> _WHAT IS EXPECTED_: Retype exactly the span of lines below from the one with "2019 Spring Simple" through the one with "Berg Toys Ferrari Fxx Racer Pedal Go Kart Reviews Wayfair". Do not include pictures.

START MATERIAL FOR THIS TASK

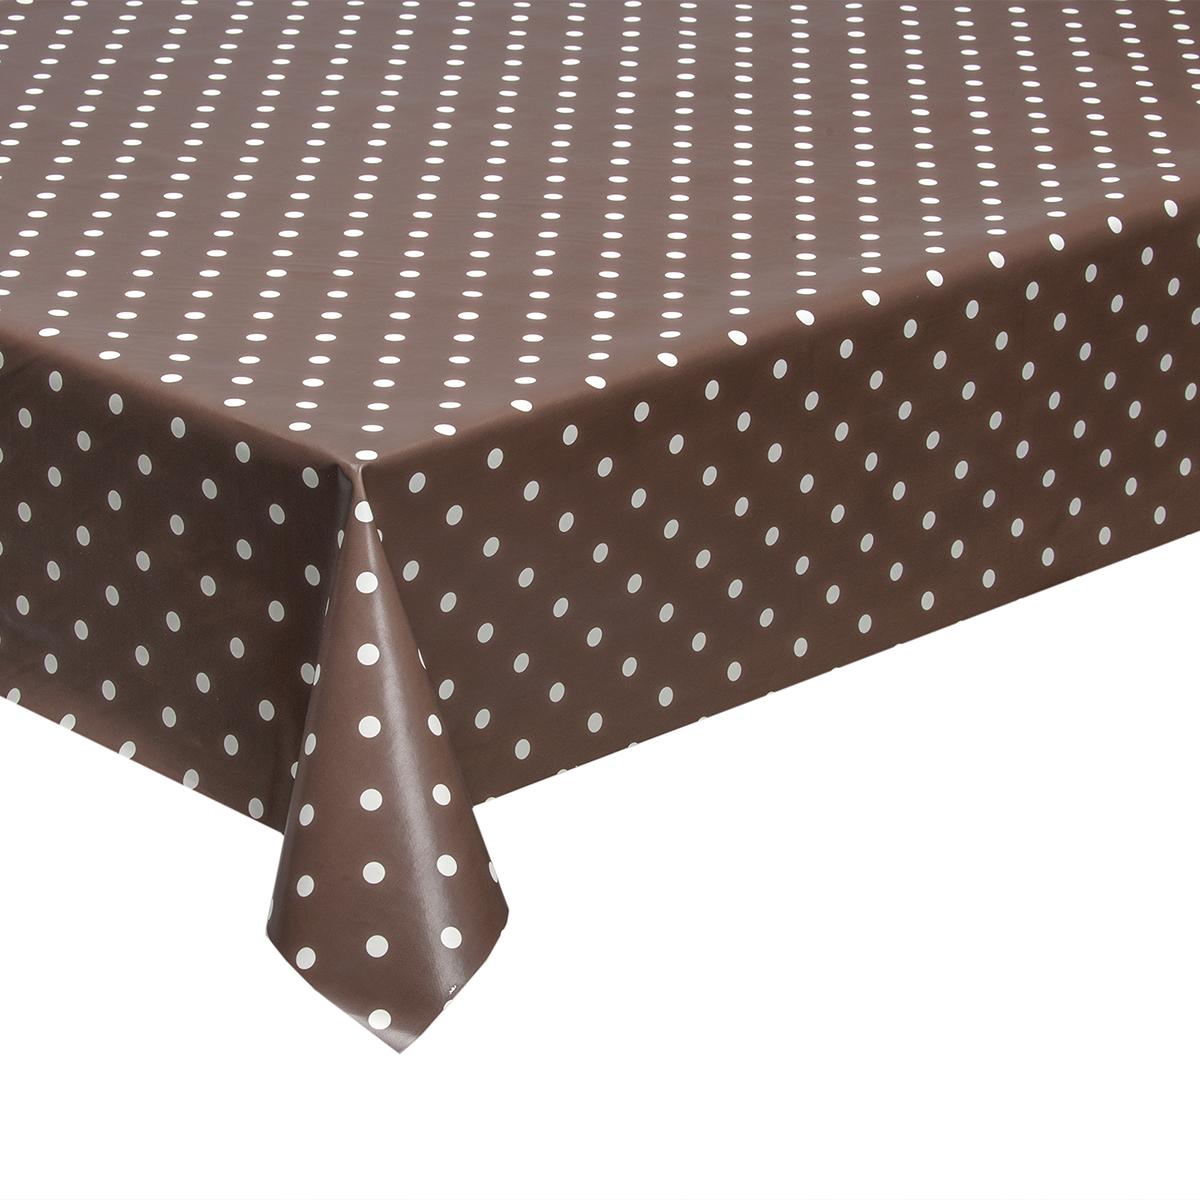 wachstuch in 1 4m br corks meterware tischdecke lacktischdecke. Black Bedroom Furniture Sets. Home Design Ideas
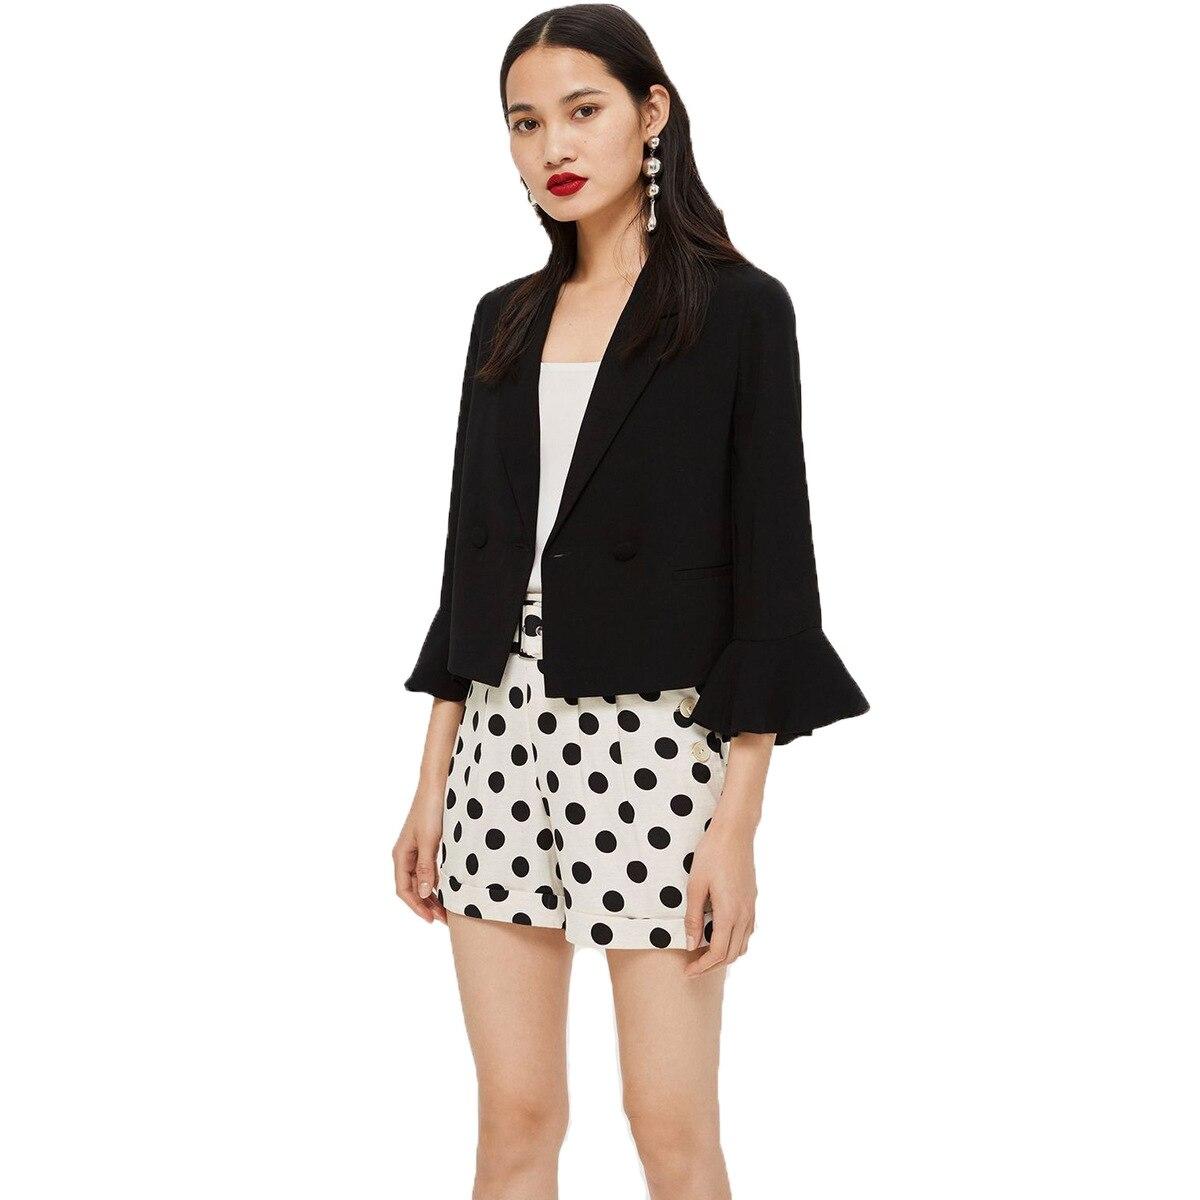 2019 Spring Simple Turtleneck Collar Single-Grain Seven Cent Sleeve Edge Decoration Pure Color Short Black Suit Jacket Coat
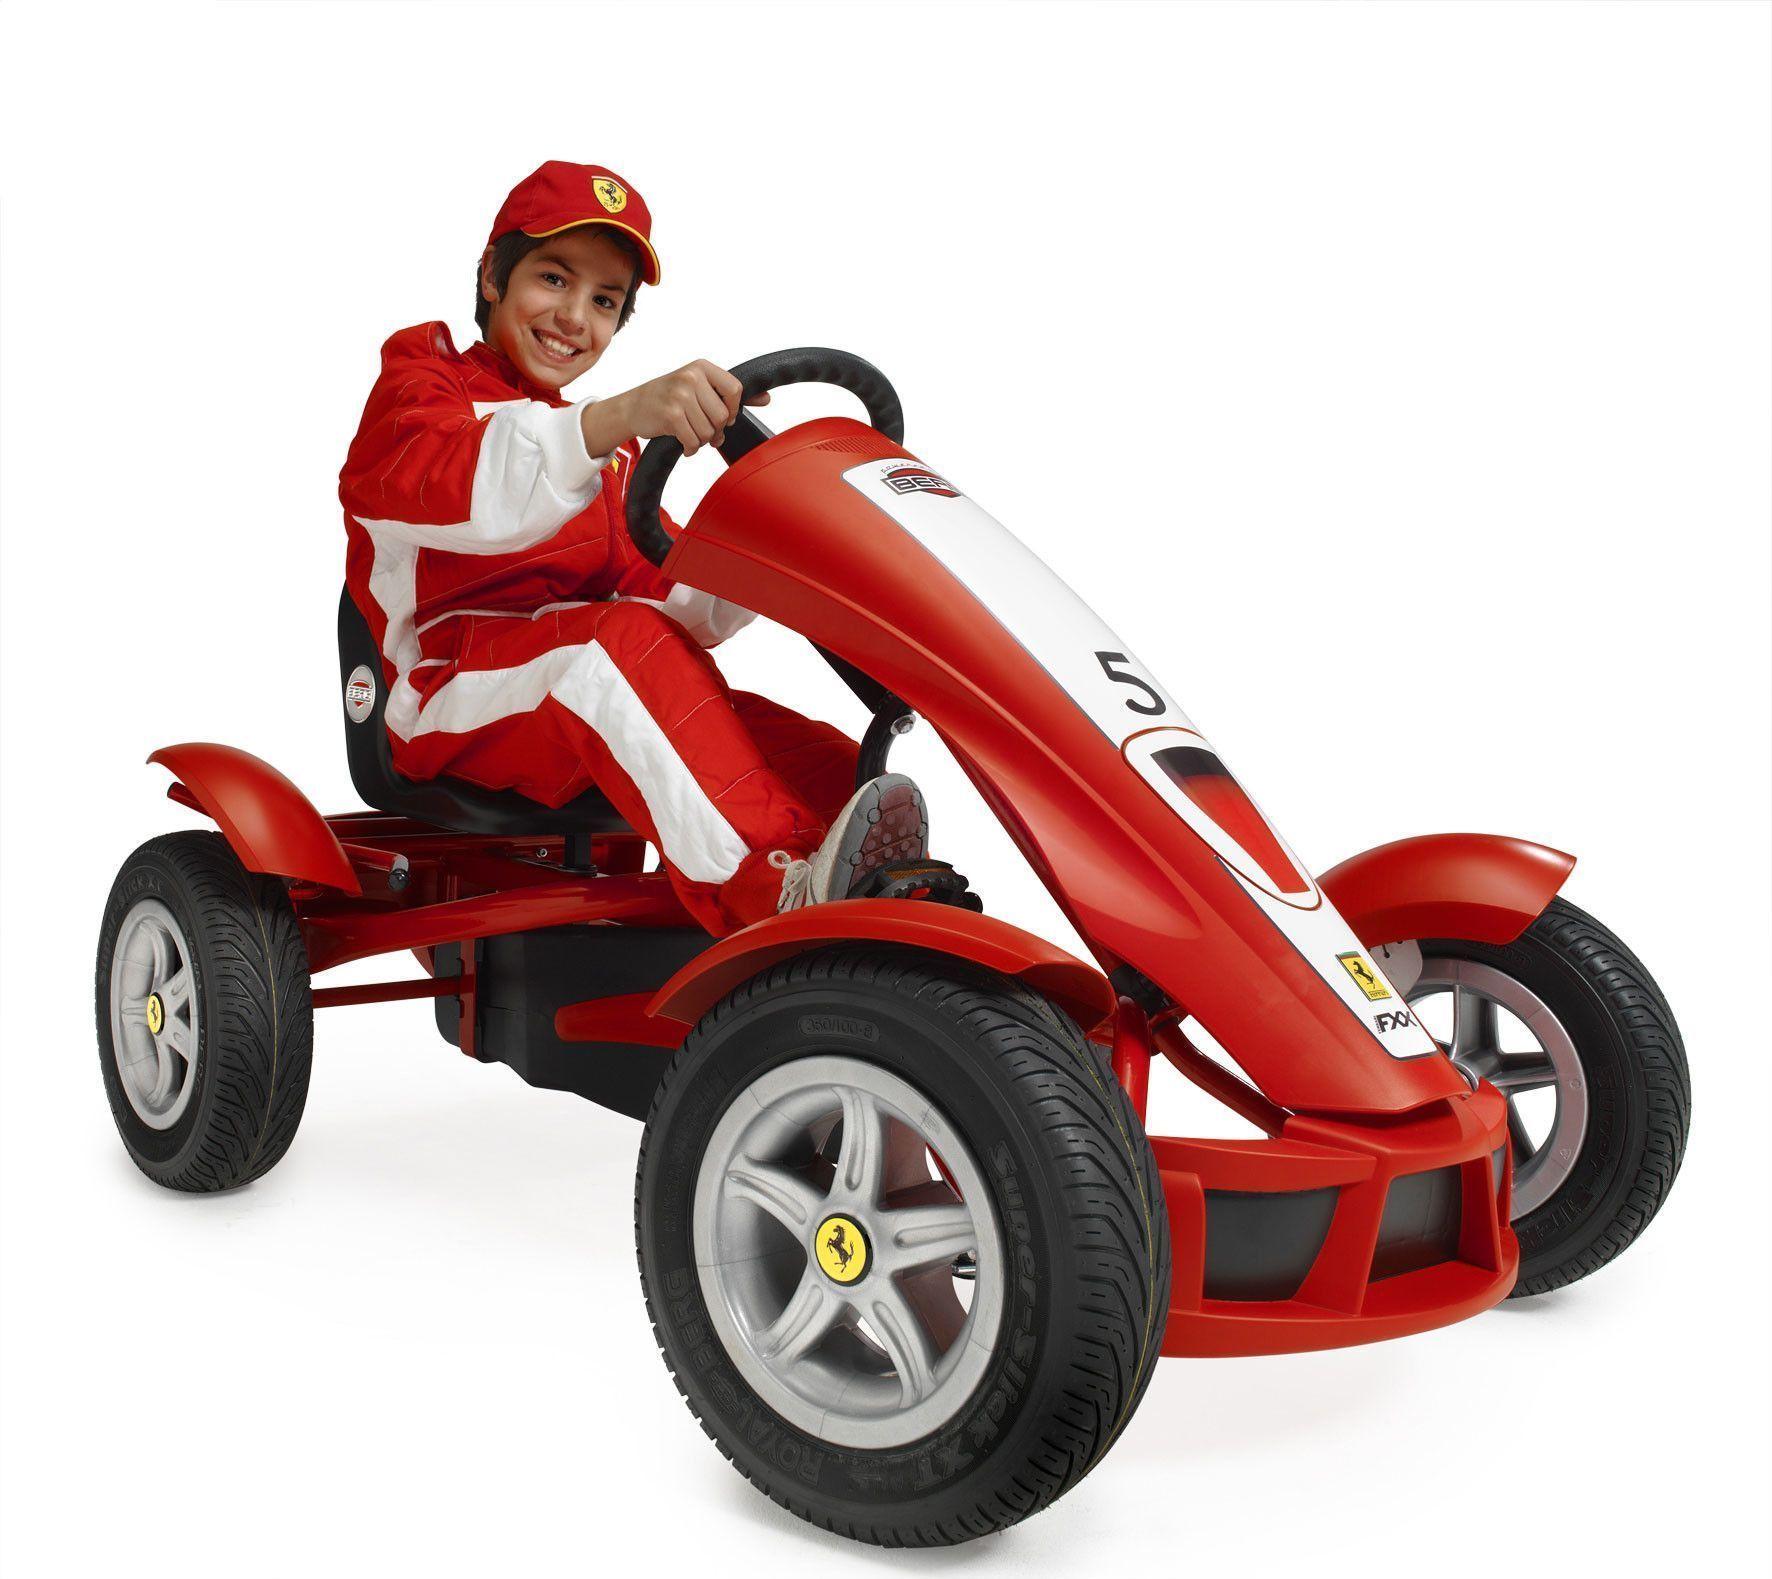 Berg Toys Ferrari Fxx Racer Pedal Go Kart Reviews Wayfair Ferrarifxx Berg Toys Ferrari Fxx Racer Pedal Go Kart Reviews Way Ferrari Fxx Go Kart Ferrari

END MATERIAL FOR THIS TASK
START MATERIAL FOR THIS TASK

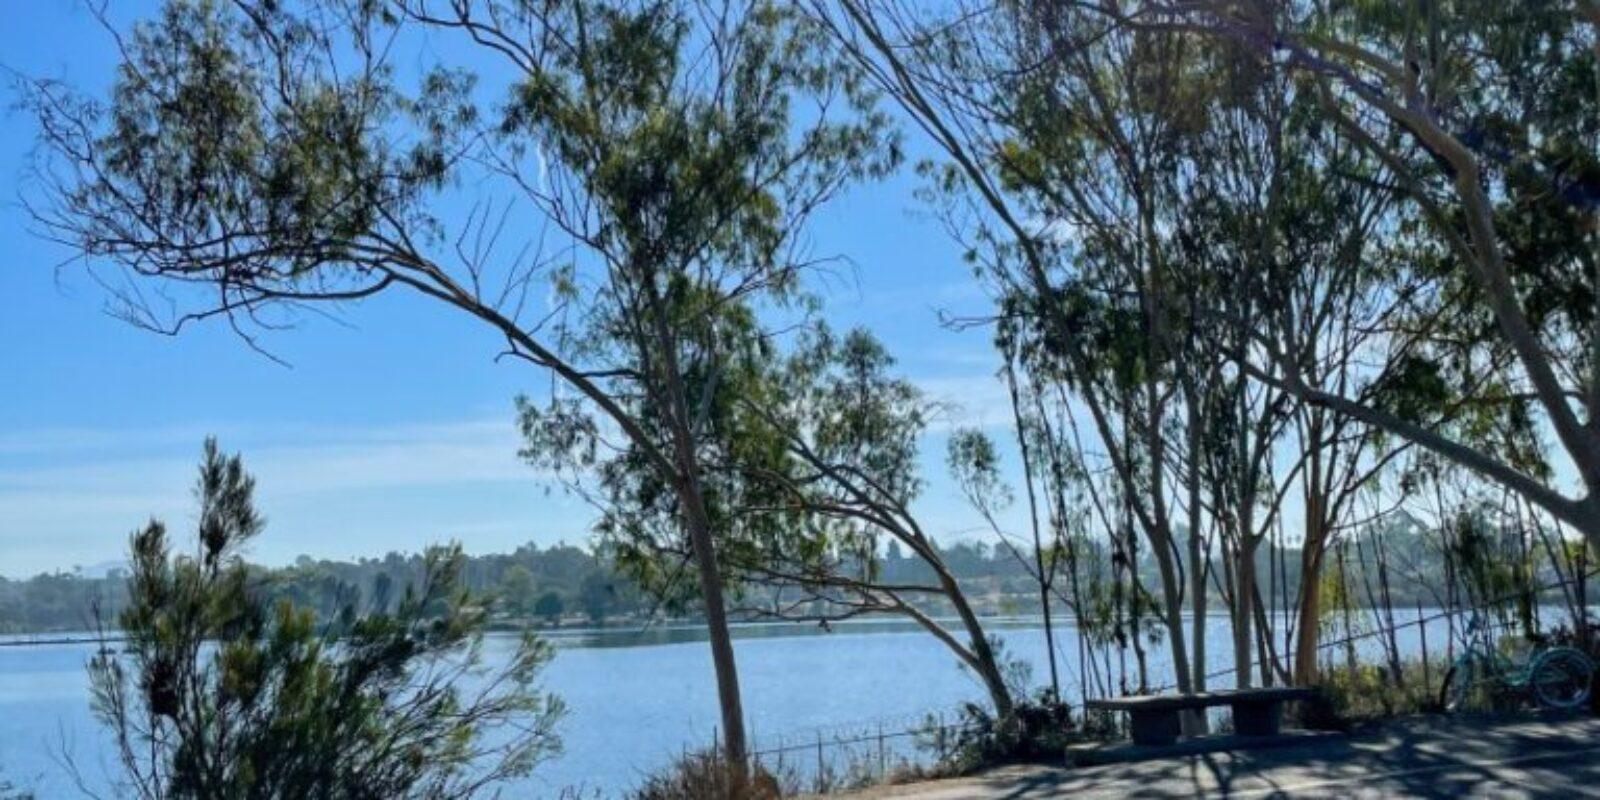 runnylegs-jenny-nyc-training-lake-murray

END MATERIAL FOR THIS TASK
START MATERIAL FOR THIS TASK

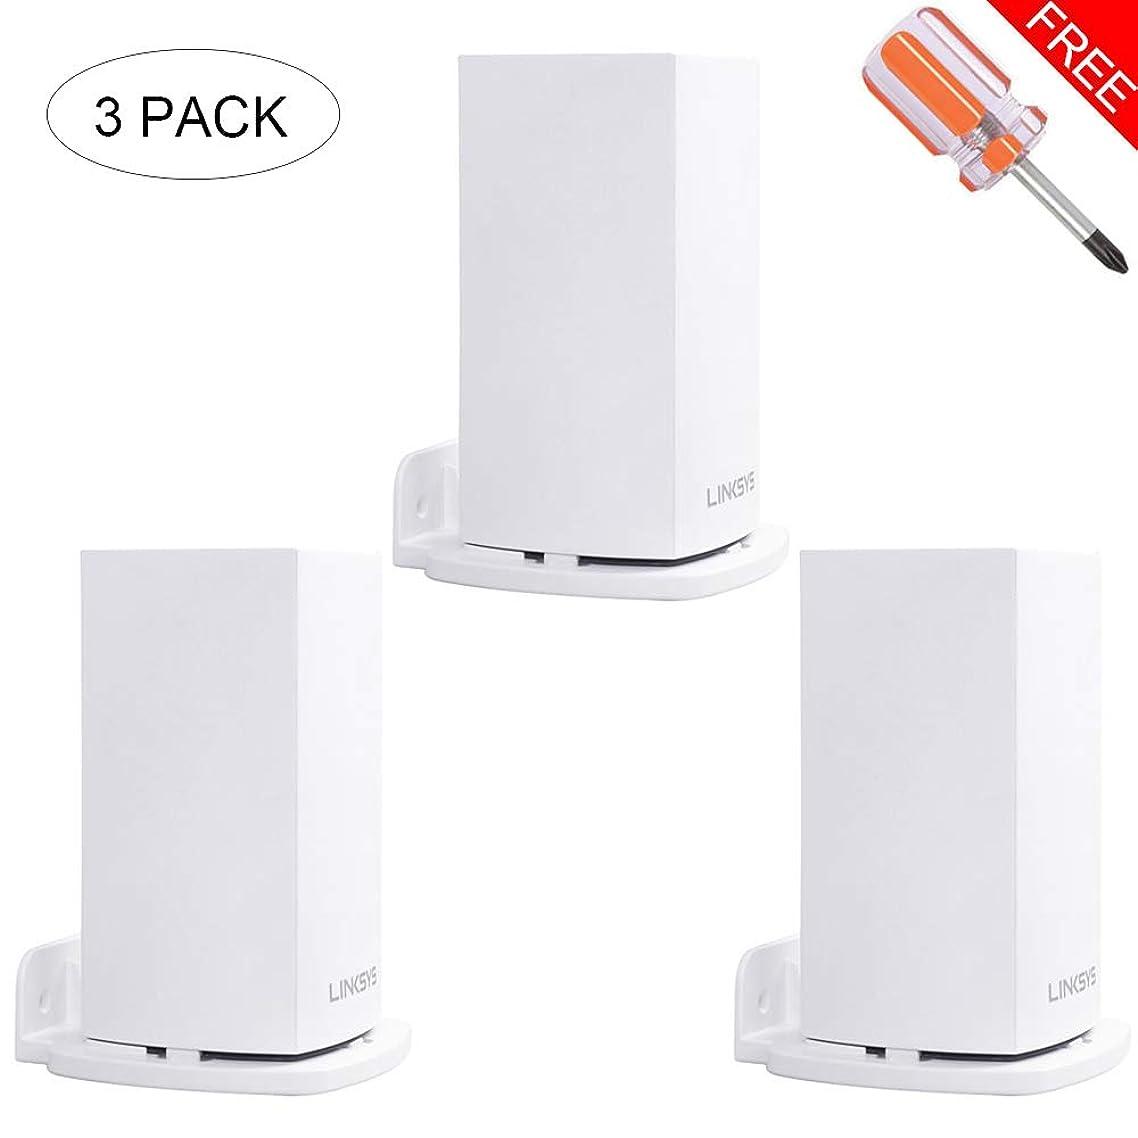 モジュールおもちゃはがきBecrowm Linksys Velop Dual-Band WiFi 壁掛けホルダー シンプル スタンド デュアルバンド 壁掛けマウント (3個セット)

END MATERIAL FOR THIS TASK

> _WRITTEN ANSWER_:
 2019 Spring Simple Turtleneck Collar Single-Grain Seven Cent Sleeve Edge Decoration Pure Color Short Black Suit Jacket Coat
 Berg Toys Ferrari Fxx Racer Pedal Go Kart Reviews Wayfair Ferrarifxx Berg Toys Ferrari Fxx Racer Pedal Go Kart Reviews Way Ferrari Fxx Go Kart Ferrari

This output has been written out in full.